* Wednesday…
Illinois’s next big bond deal sounds like a municipal-market oxymoron: the worst-rated state in the nation is offering more than half a billion dollars of AAA debt.
The $573 million of securities the state plans to sell Thursday are secured by a stream of sales-tax revenue that’s diverted to investors, earning the deal the highest ranking from S&P Global Ratings. That’s seven steps above the state’s general-obligation debt, which is backed only by the government’s guaranty to pay what it owes.
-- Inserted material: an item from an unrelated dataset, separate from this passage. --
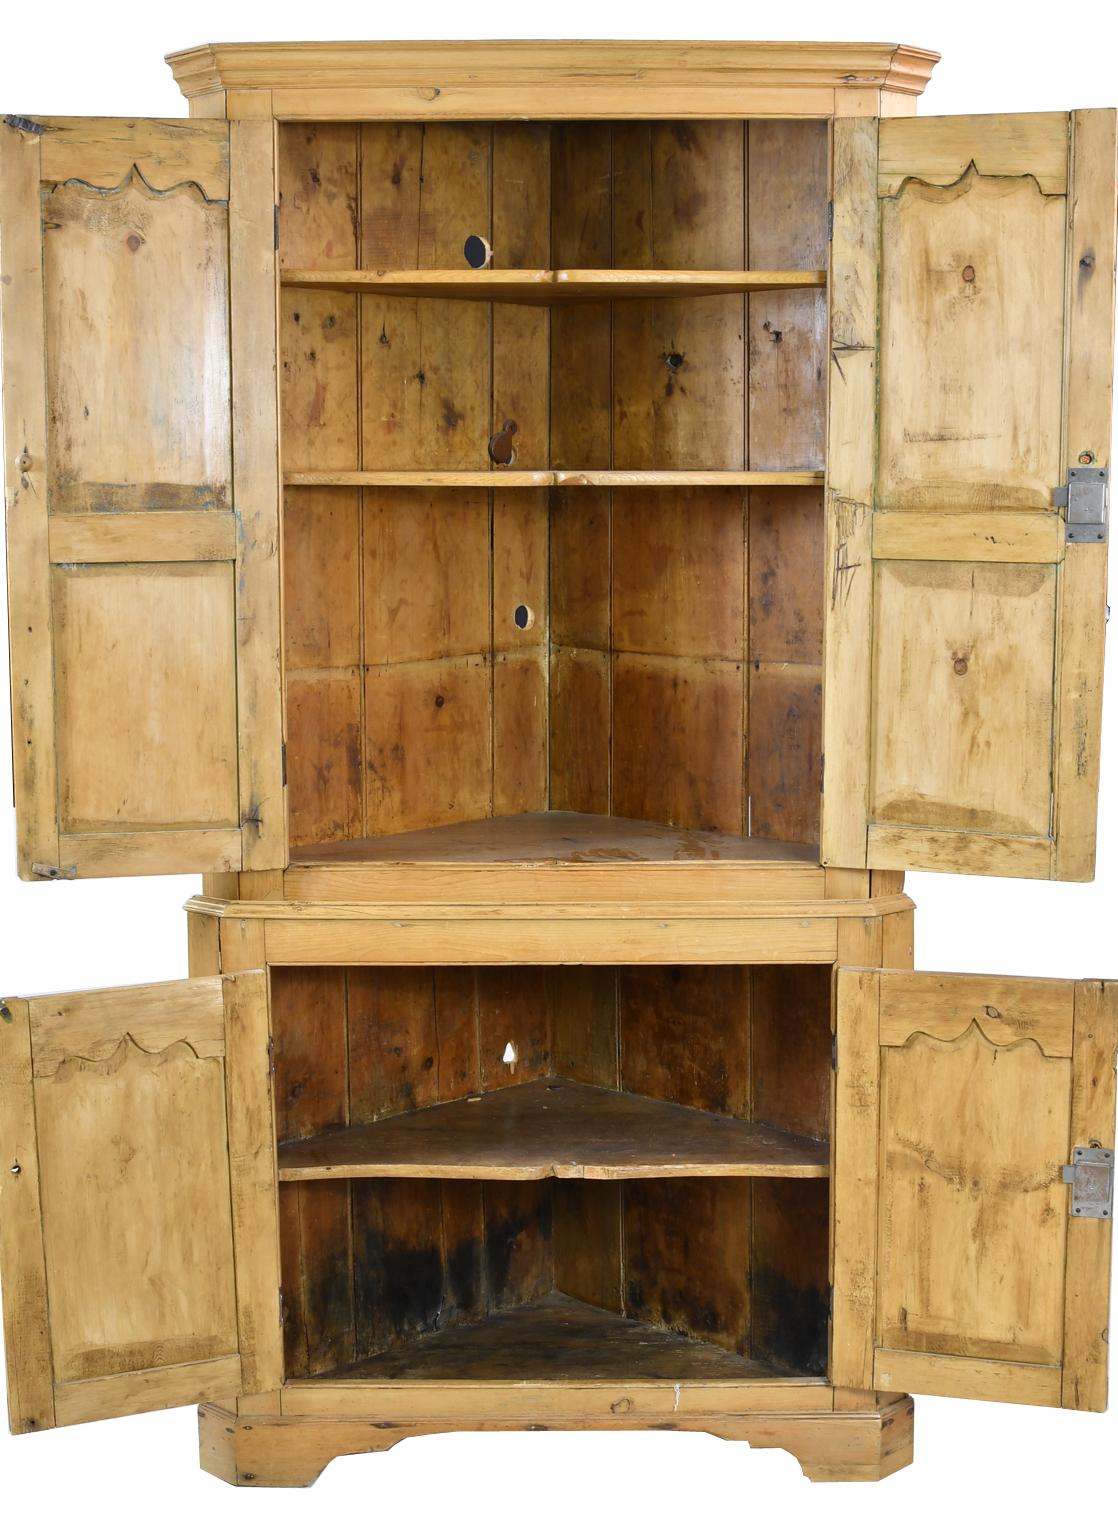 Charmante armoire d'angle de style anglais en pin clair de couleur miel avec des coins chanfreinés, quatre portes avec des panneaux encastrés et une moulure supérieure festonnée et sculptée, et reposant sur des pieds en forme d'équerre. L'intérieur

“We expect the state of Illinois’s sales-tax bonds to fare better than the state of Illinois’s GO bonds, primarily due to the substantial support from the designated sales tax,” said Richard Ciccarone, the Chicago-based president of Merritt Research Services LLC, which analyzes municipal finances. “However, they will suffer. It will extract a higher borrowing penalty than would normally be expected for such a high-rated bond issue because of the chronic financial pressures.”
The sale went better than expected, but the cost was still higher than other states with AAA ratings.
* Today…
Illinois sold nearly $549 million of revenue bonds in competitive bidding on Thursday, dodging a steep market penalty the financially struggling state has paid for its general obligation bonds.
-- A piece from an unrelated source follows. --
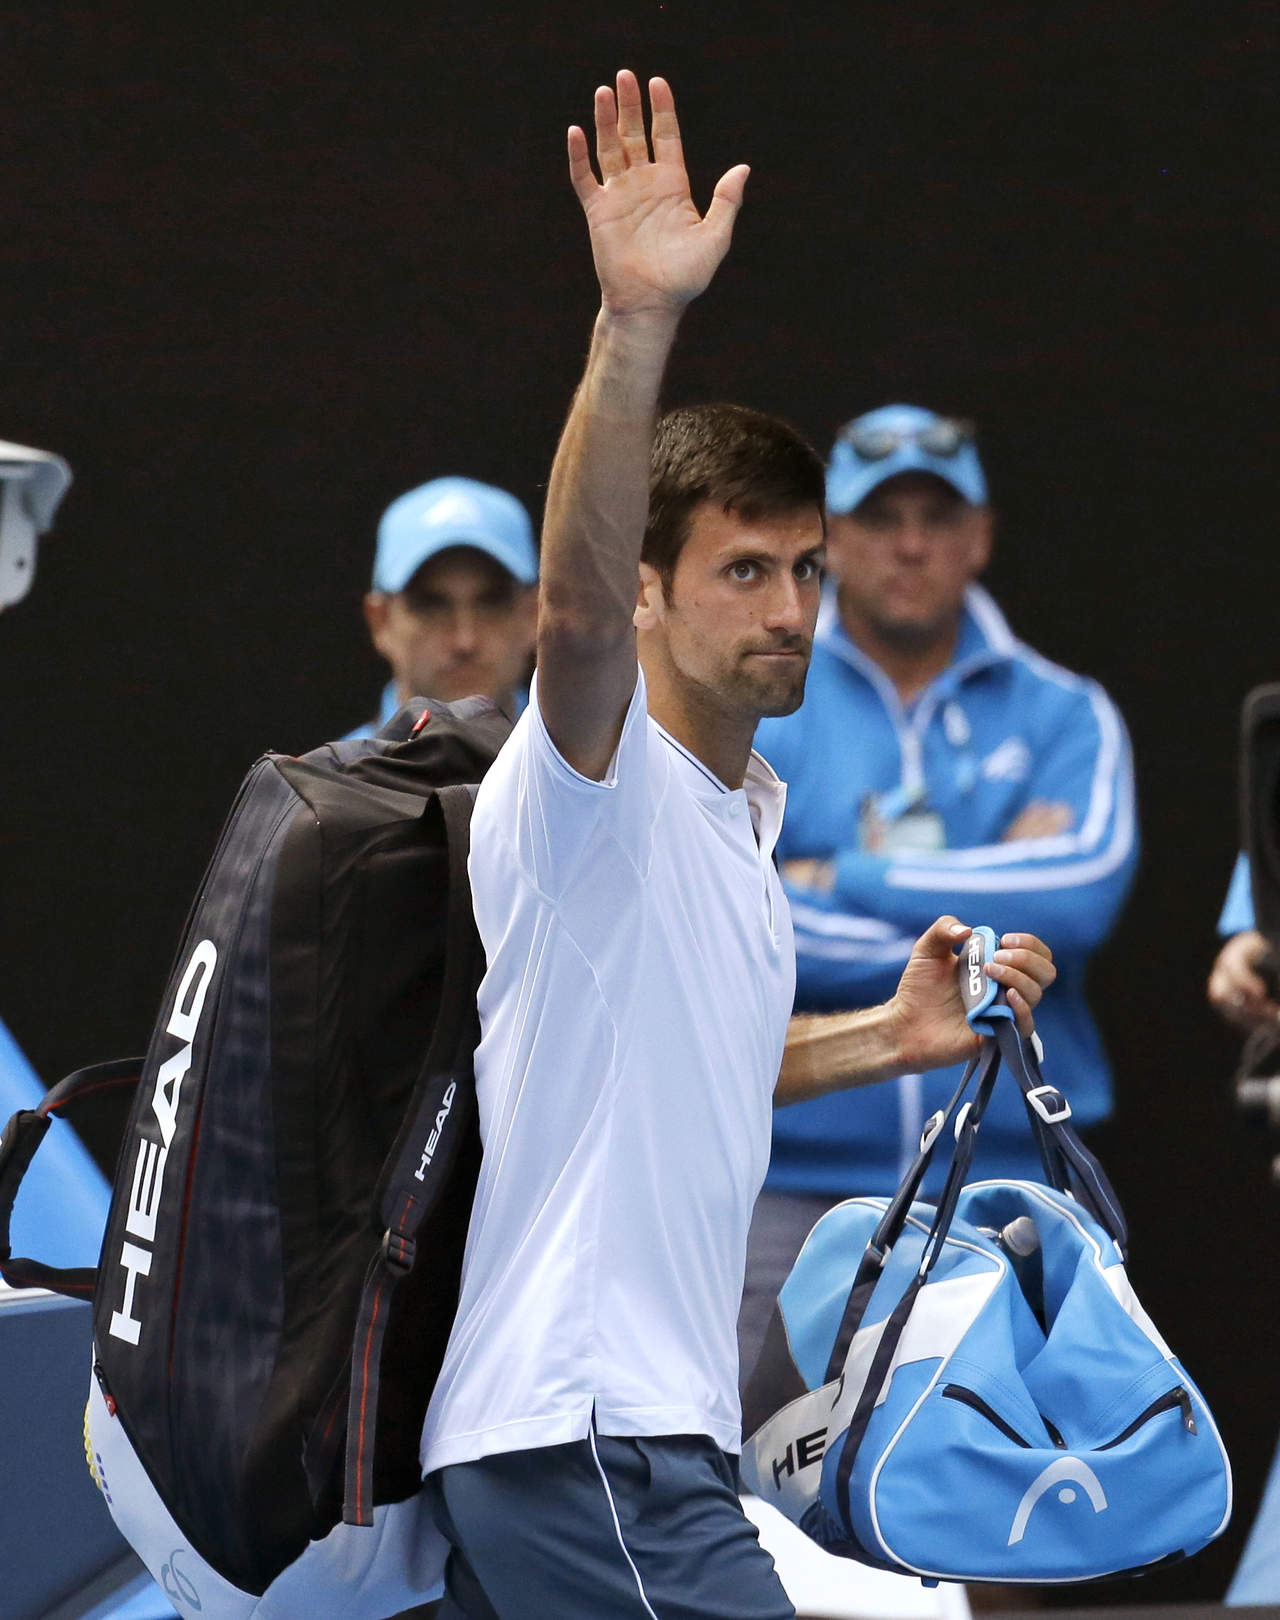 El tenista serbio Novak Djokovic, segundo favorito, se quedó sin posibilidades de defender su título en Australia. (AP)

The Build Illinois bonds, backed by the state’s sale tax revenue, have high-quality credit ratings of AAA from Standard & Poor’s and AA-plus from Fitch Ratings versus Illinois’ low-investment-grade GO ratings, which are the weakest among the 50 states.
Illinois has a huge $111 billion unfunded pension liability and a chronic budget deficit. It was the only state without a complete fiscal 2016 budget due to a political impasse.
Bank of America Merrill Lynch won the biggest chunk of the bond issue - nearly $187 million of tax-exempt refunding bonds.
The pricing resulted in a spread over Municipal Market Data’s benchmark triple-A yield scale for 10-year bonds of 48 basis points, about 20 basis points narrower than the state’s last tax-exempt Build Illinois bond sale in June 2013.
The spread was also almost 3.5 times narrower than Illinois’ 166 basis-point spread over the scale for 10-year GO bonds.
…Adding… From the governor’s office…
Hi there –
Wanted to send you this statement for bond sale post.
STATEMENT: We were pleased with strong interest from the public finance community that enabled the State to borrow at historically low interest rates – and by cutting interest rates in half on some of our outstanding Build Illinois bonds, we will provide taxpayers $56 million in savings without extending debt service payments.
Thanks!
ck
- Publius - Friday, Aug 26, 16 @ 1:51 pm:
High prices makes more money for those investors, hmmm didn’t our governor come from the investment world? You don’t think this mess could be planned do you?
- Publius - Friday, Aug 26, 16 @ 1:53 pm:
Is it public record who buys the bonds? Are there any reporters anymore willing to look into this possibility
- Rich Miller - Friday, Aug 26, 16 @ 2:01 pm:
Publius, take a breath and remove your tinfoil hat. The state got a better deal than the last time it sold similar bonds.
- Steve Schnorf - Friday, Aug 26, 16 @ 2:07 pm:
The rating agencies continue their charade that bonds backed by a portion of the state’s sales tax revenue are safer than ones backed by all the state’s tax revenues
- Gone - Friday, Aug 26, 16 @ 2:12 pm:
Publius,
If there were savings because these bonds were sold at lower interest rates than the bonds the state was holding, doesn’t that mean the bankers are making less money off of the people of Illinois?
- Ron - Friday, Aug 26, 16 @ 2:34 pm:
Bankers pay taxes.
- Whatever - Friday, Aug 26, 16 @ 4:52 pm:
==The $573 million of securities the state plans to sell Thursday are secured by a stream of sales-tax revenue that’s diverted to investors, earning the deal the highest ranking from S&P Global Ratings. That’s seven steps above the state’s general-obligation debt, which is backed only by the government’s guaranty to pay what it owes.==
And when you pledge assets or revenue streams that would otherwise be available to pay GO bonds, you increase the risk of default on GO bonds, however slightly. This will increase the interest rate on future offerings, unless they are secured by their own revenue streams or assets. No magic bullet here.